Geography
- Location: 55 Fogg Road, Weymouth, Massachusetts, United States
- Coordinates: 42°10′33″N 70°57′15″W﻿ / ﻿42.1758°N 70.9542°W

Services
- Emergency department: Level II Trauma Center
- Beds: 396

History
- Opened: 1922

Links
- Website: www.southshorehealth.org/locations/south-shore-hospital
- Lists: Hospitals in Massachusetts

= South Shore Hospital =

South Shore Hospital is a 396-bed hospital located in Weymouth, Massachusetts. It is the only community hospital within the state that operates a Level III neonatal intensive care unit. It is also one of two hospitals in Massachusetts with a Level II designation for adults.

== History ==
The hospital opened in 1922 and was originally named Weymouth Hospital. It was located in a pre-Civil War mansion, in what was once the home of H.B. Reed, a prominent shoe manufacturer. It contained 22 beds, a delivery room, a nursery, an operating room, and an x-ray machine. Within its first six months of operation, the hospital grew too large for the space that was provided by the mansion, and subsequently doubled in size. In 1967, the building was replaced entirely South Shore Hospital was the first private organization in the country that received funding from the Public Works Administration. It was also one of the first community hospitals that offered day surgery and twenty-four hour emergency room staffing. It was the first hospital in New England that integrated and group hospitalization and insurance.

South Shore Hospital has been a clinical affiliate of Brigham & Women's Hospital since 2004. In 2015, Partners HealthCare—the parent of the Brigham—withdrew a proposal to acquire South Shore Hospital amid opposition from then state Attorney General Maura Healey. In 2021, the board of South Shore Health, the owner of the hospital, announced it would continue to serve as an independent health care system for the time being.

== Current Operations ==
The hospital employs 1,063 medical staff members.

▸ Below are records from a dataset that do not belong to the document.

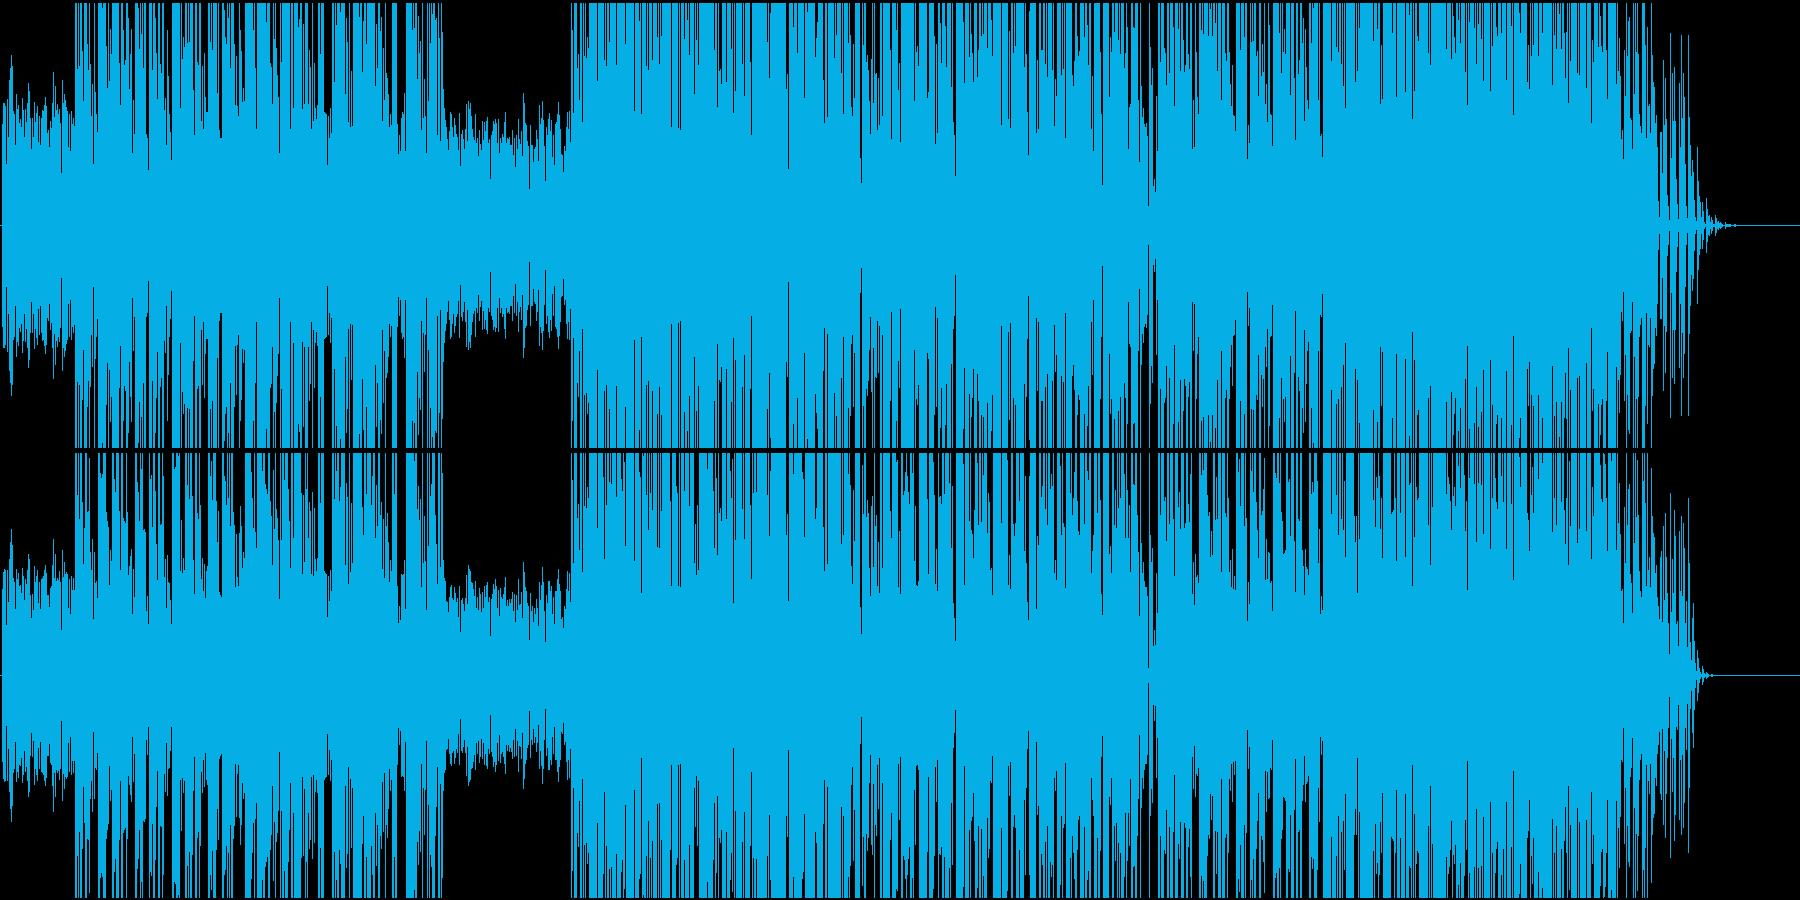 テンポが良く疾走感のあるBGMの再生済みの波形
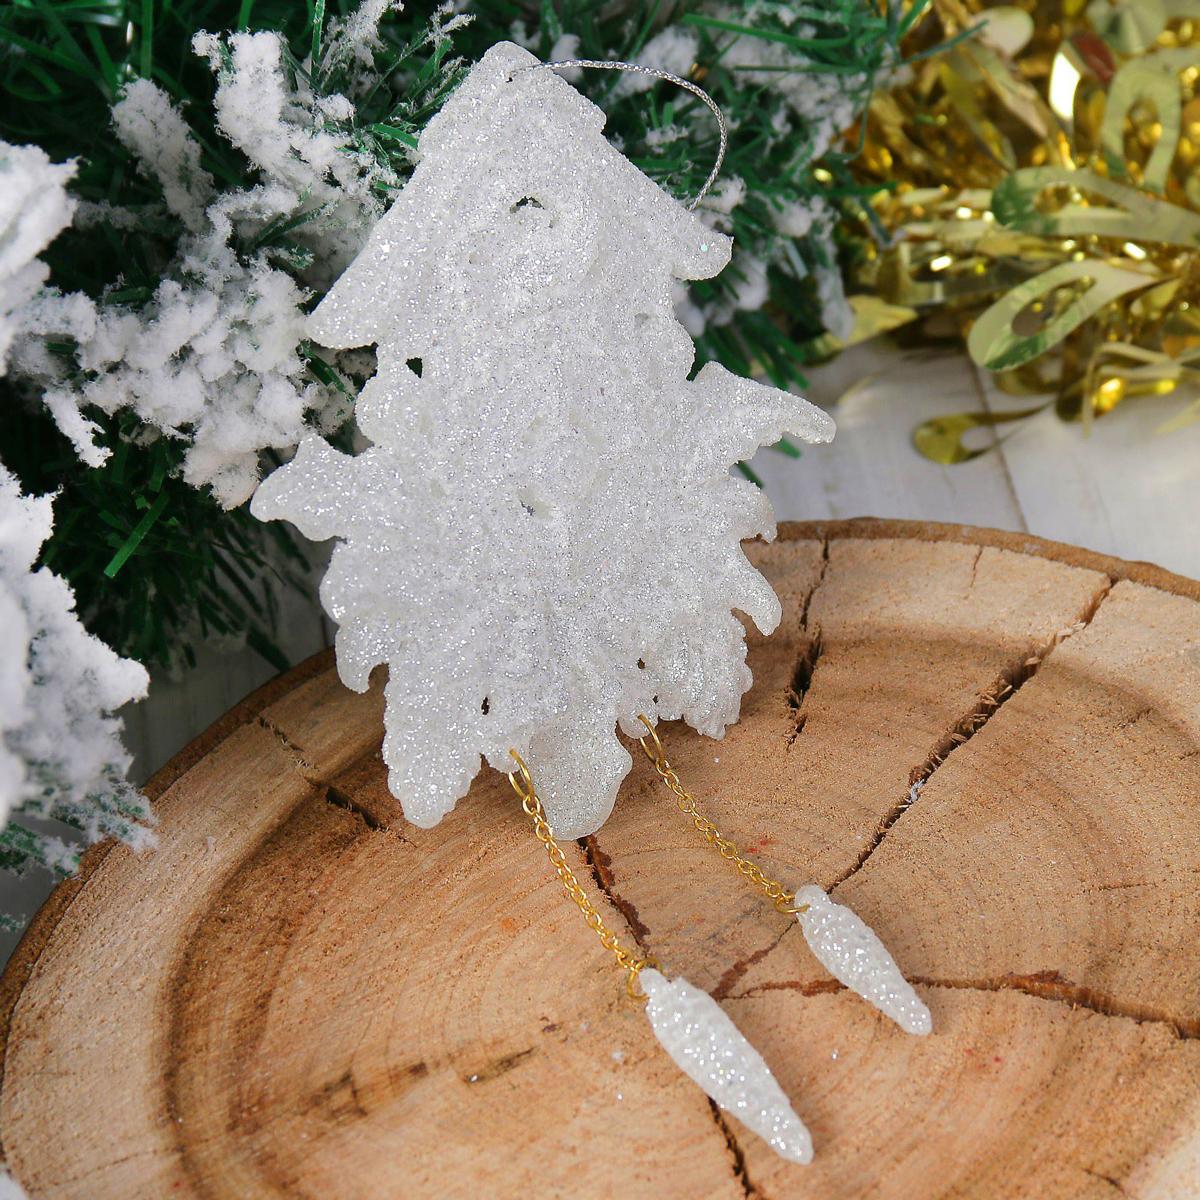 Новогоднее подвесное украшение Часы, 9 х 11 см2371456Новогоднее подвесное украшение отлично подойдет для декорации вашего дома и новогодней ели. С помощью специальной петельки украшение можно повесить в любом понравившемся вам месте. Но, конечно, удачнее всего оно будет смотреться на праздничной елке.Елочная игрушка - символ Нового года. Она несет в себе волшебство и красоту праздника. Такое украшение создаст в вашем доме атмосферу праздника, веселья и радости.
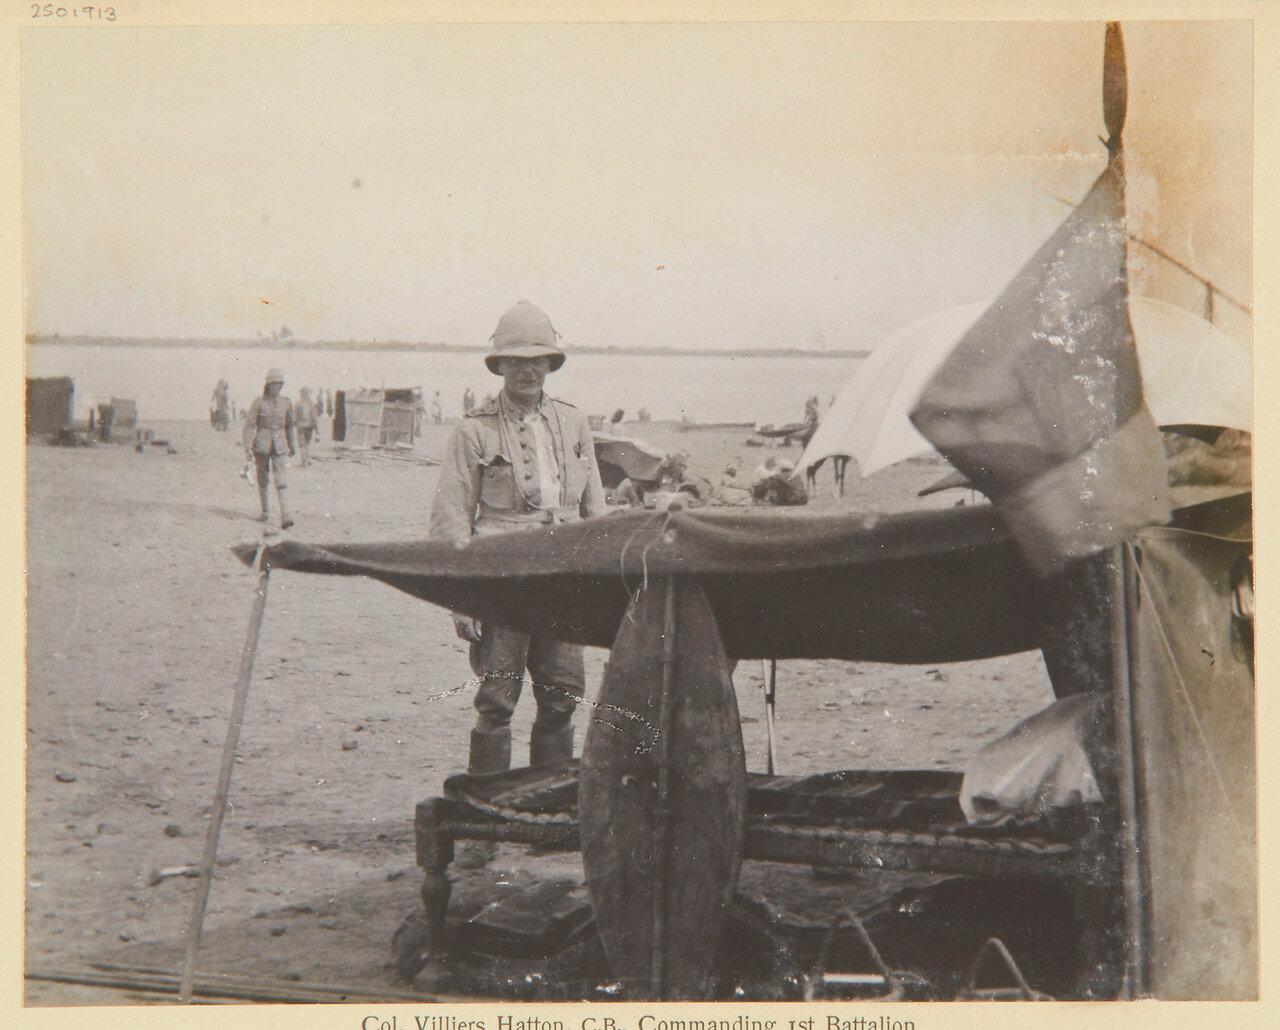 Полковник Вилье Хаттон (1852-1914), командир 1-й батальона гвардейского гренадерского полка
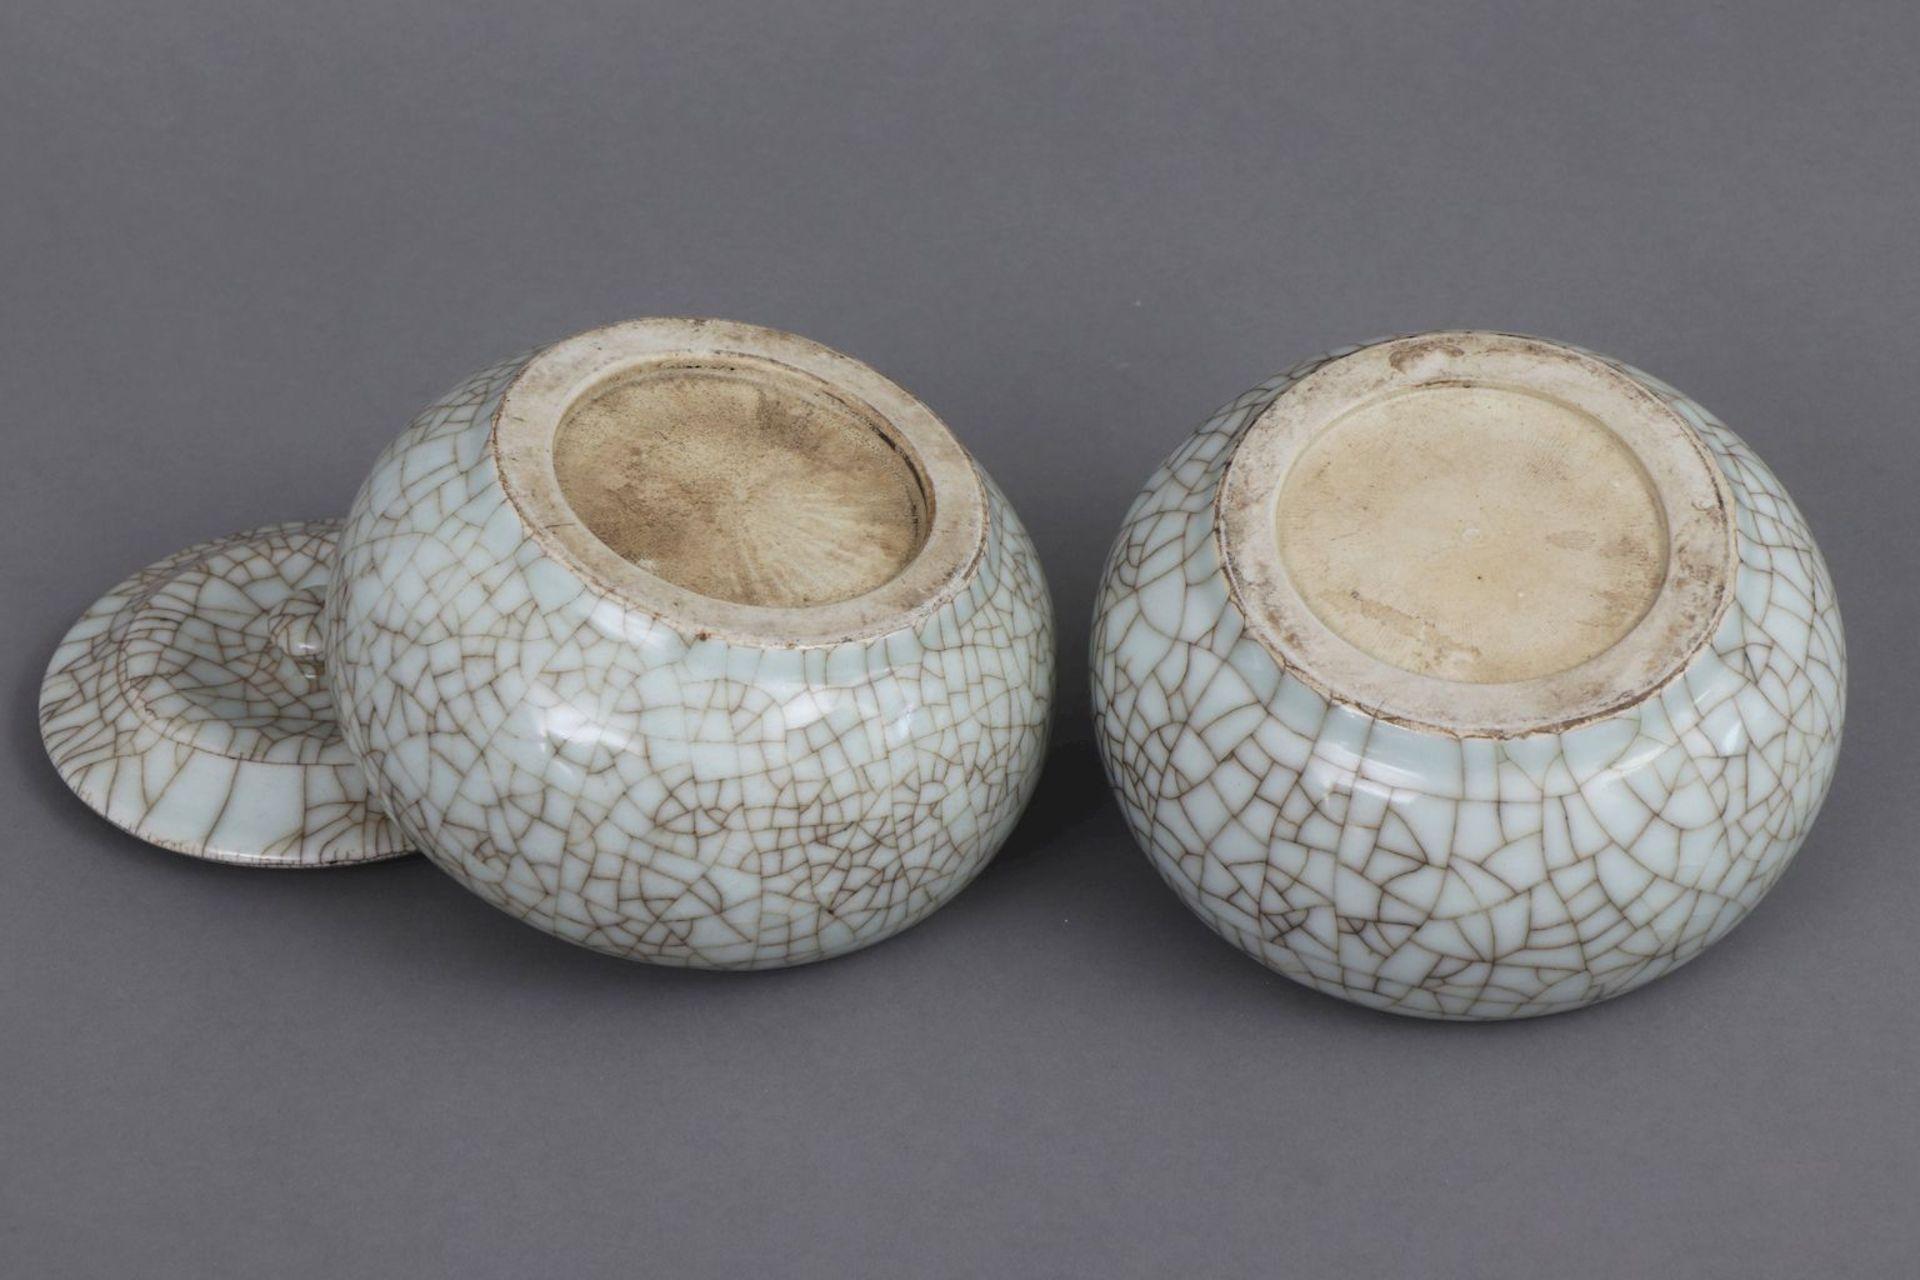 Paar chinesische Deckeldosen mit Seladon-Craqueleeglasur - Bild 4 aus 4

Its maternity center oversees the delivery of approximately 3,083 infants every year. The surgical team performs 20,020 surgeries per year. In 2018, the hospital reported a total of 29,659 patient discharges.

== Awards and recognition ==
South Shore Hospital has received a federal safety rating of four out of five stars from the Centers for Medicare and Medicaid Services.

In 2018, its cardiac catheterization lab was awarded a gold star from the American Heart Association for adherence to strict performance standards and providing quality treatment to its patients.

The Leapfrog Group has recognized South Shore Hospital as a Top General Hospital. In 2019, the hospital was designated with an "A" safety grade.